The main advantage of trading using opposite Saat Defensive and Siit Ultra positions is that it hedges away some unsystematic risk. Because of two separate transactions, even if Saat Defensive position performs unexpectedly, Siit Ultra can make up some of the losses. Pair trading also minimizes risk from directional movements in the market. For example, if an entire industry or sector drops because of unexpected headlines, the short position in Siit Ultra will offset losses from the drop in Siit Ultra's long position.
The idea behind Saat Defensive Strategy and Siit Ultra Short pairs trading is to make the combined position market-neutral, meaning the overall market's direction will not affect its win or loss (or potential downside or upside). This can be achieved by designing a pairs trade with two highly correlated stocks or equities that operate in a similar space or sector, making it possible to obtain profits through simple and relatively low-risk investment.
Check out your portfolio center.
Note that this page's information should be used as a complementary analysis to find the right mix of equity instruments to add to your existing portfolios or create a brand new portfolio.
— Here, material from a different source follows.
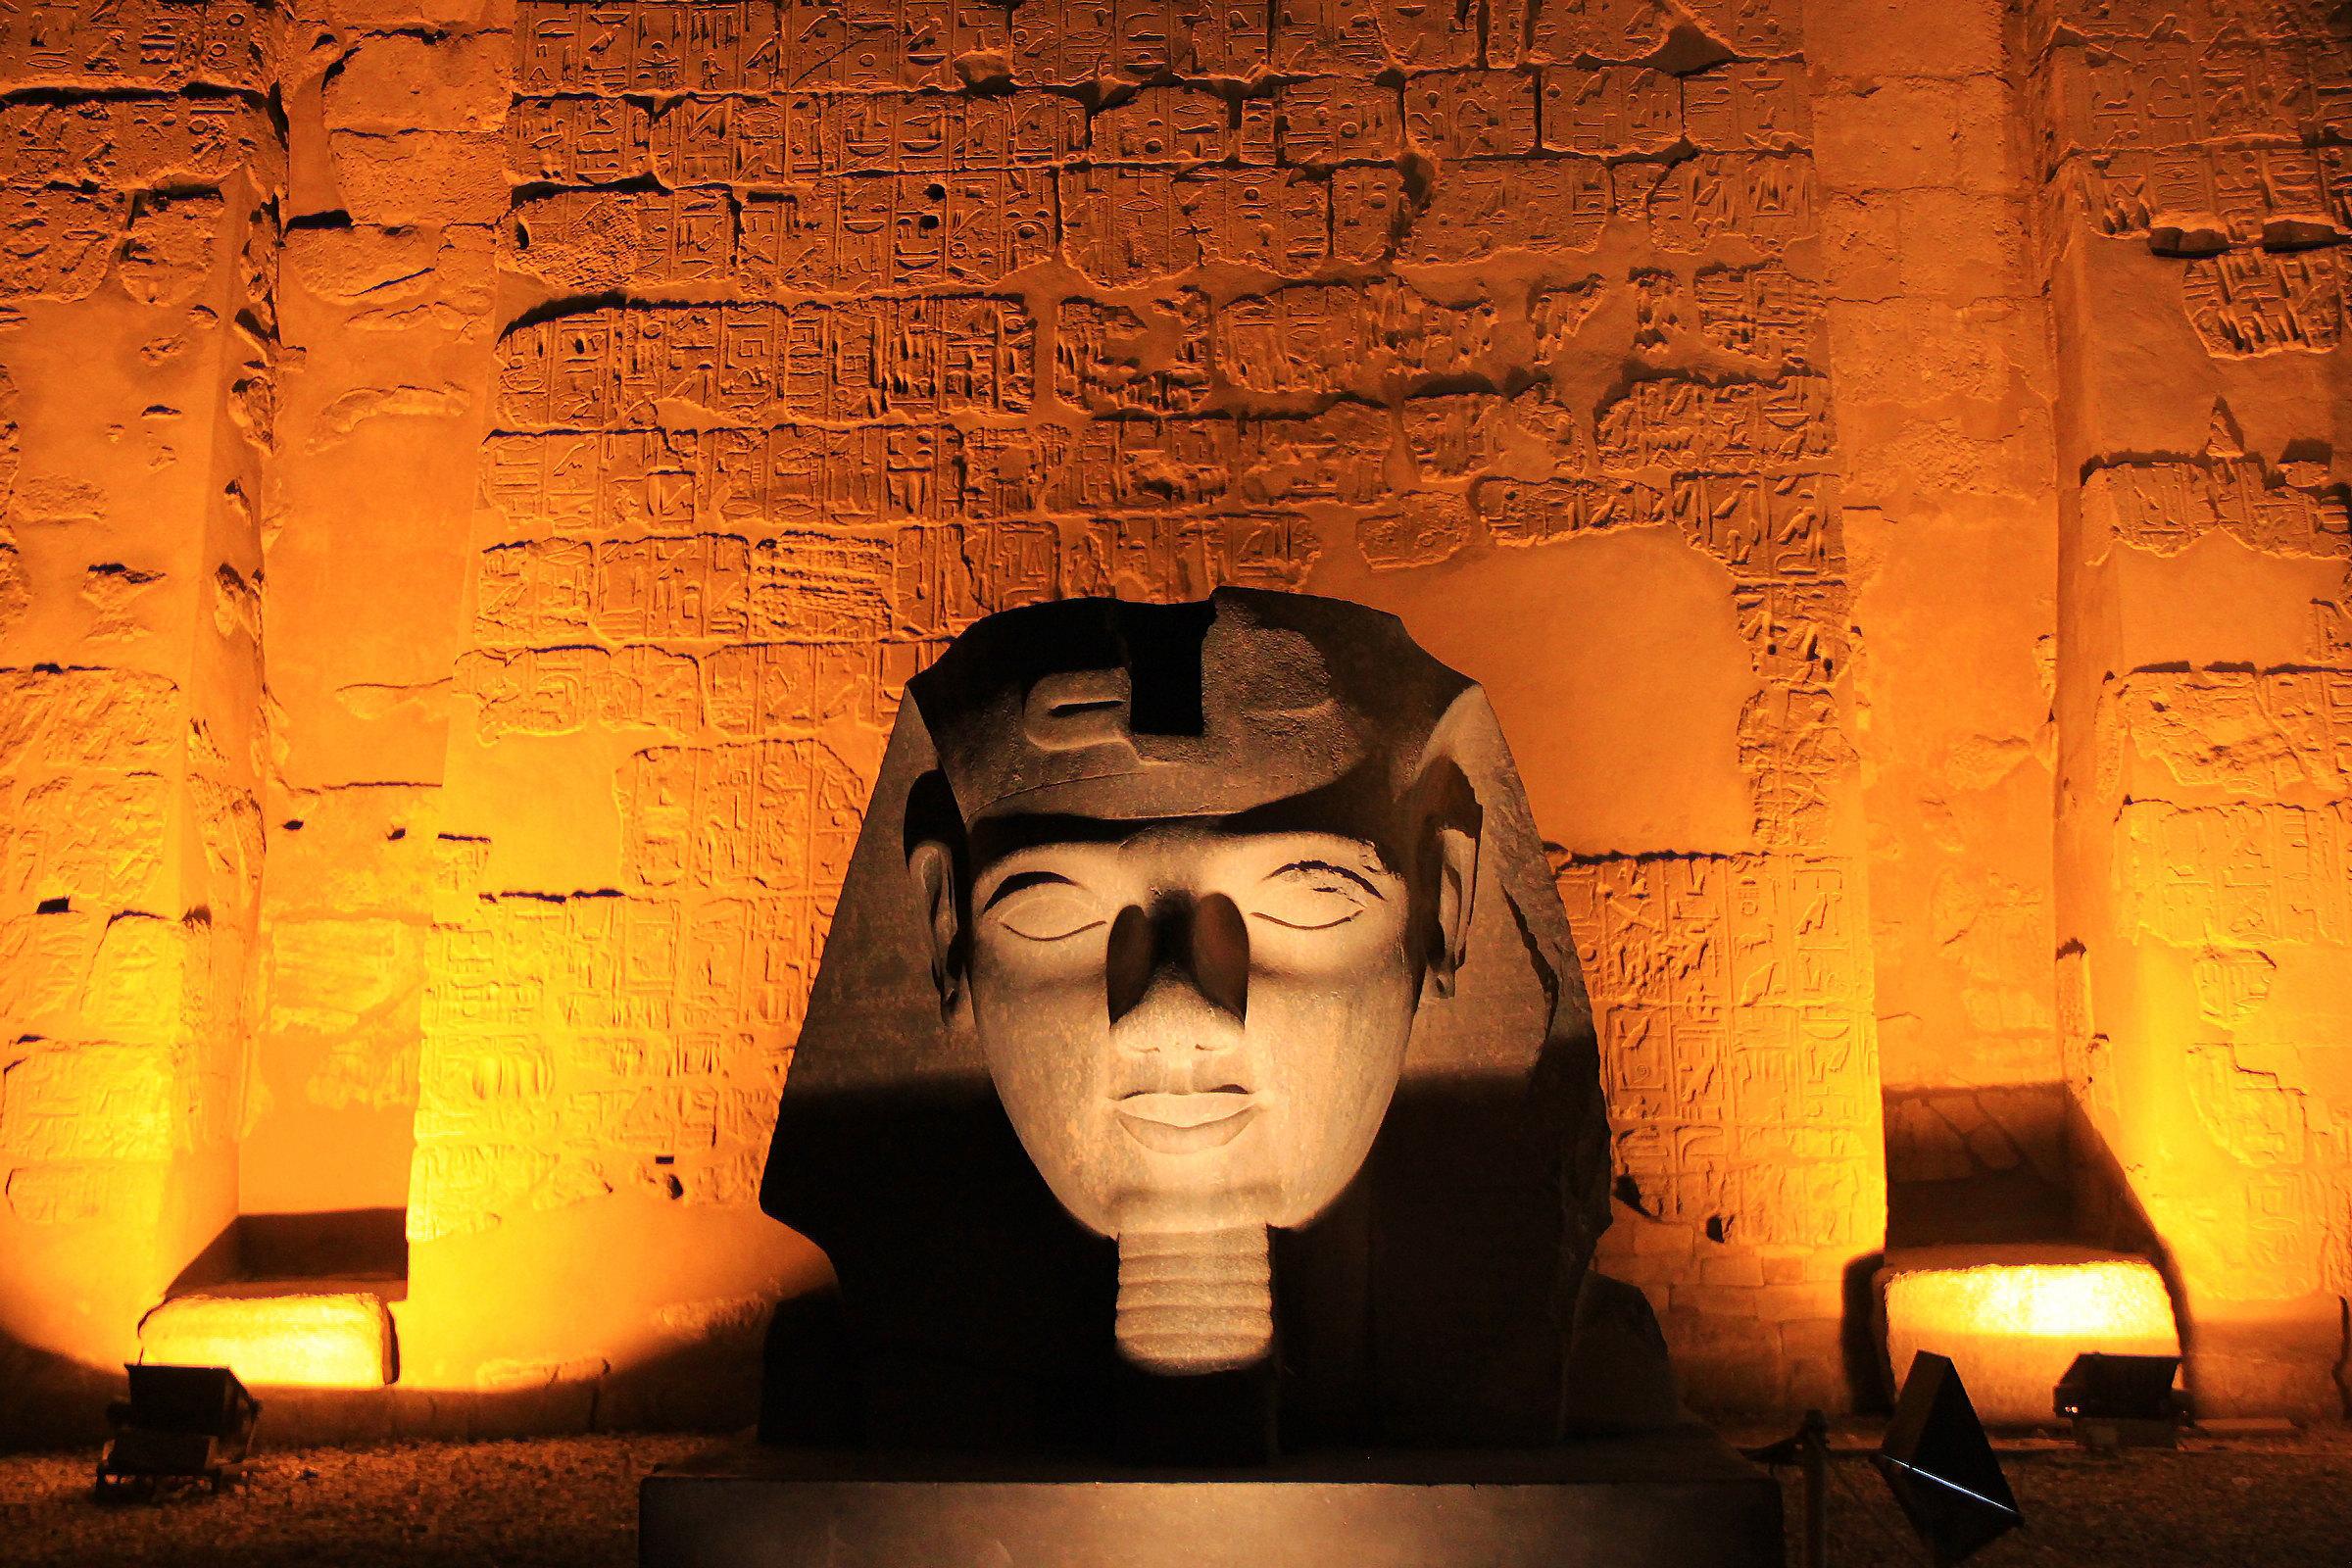 阿蒙神庙  Amun Temple of Karnak   -3
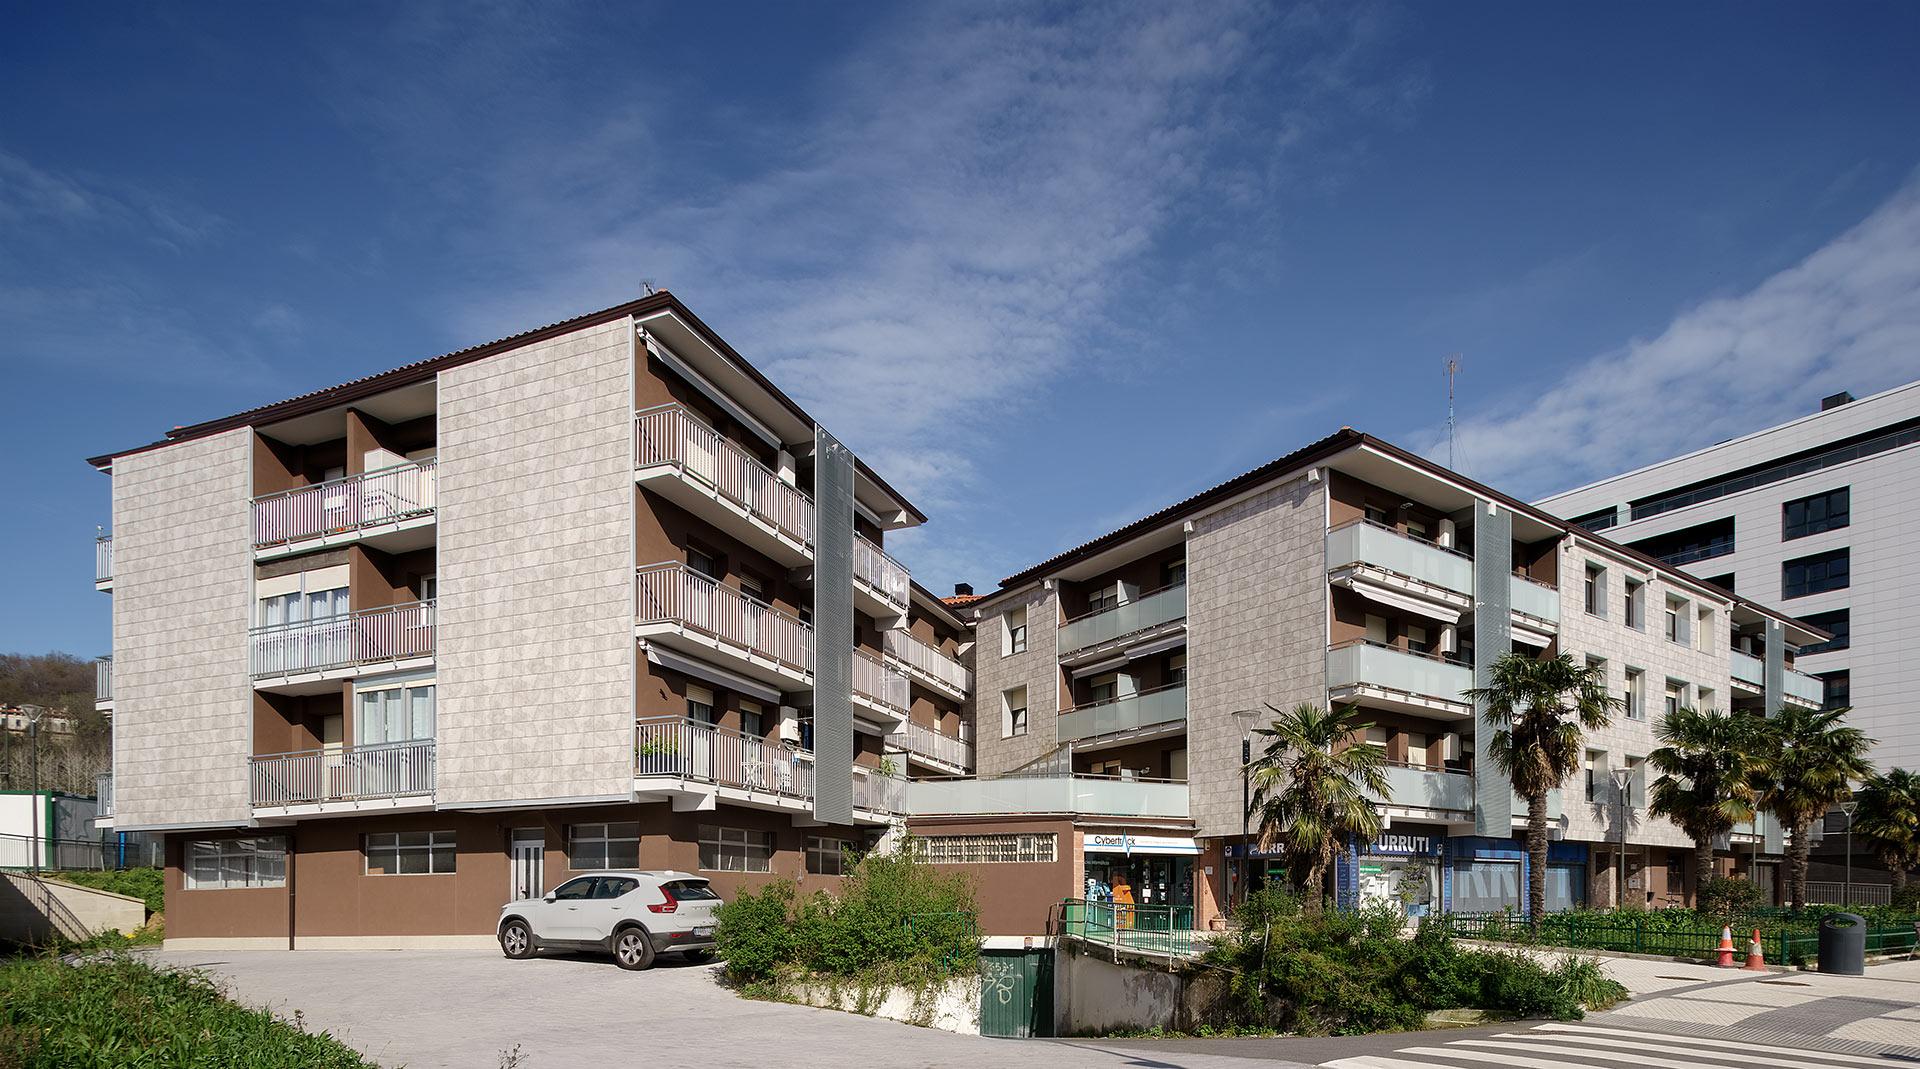 Rehabilitacion-energetica-fachada_aislamiento_District-Heating_BASA-Arquitectura_San-Sebastian-Donosti_4_b

You can also try the CEOs Directory module to screen CEOs from public companies around the world.

Other Complementary Tools

USA ETFs
Find actively traded Exchange Traded Funds (ETF) in USA
Crypto Correlations
Use cryptocurrency correlation module to diversify your cryptocurrency portfolio across multiple coins
Risk-Return Analysis
View associations between returns expected from investment and the risk you assume
Portfolio Diagnostics
Use generated alerts and portfolio events aggregator to diagnose current holdings
Efficient Frontier
Plot and analyze your portfolio and positions against risk-return landscape of the market.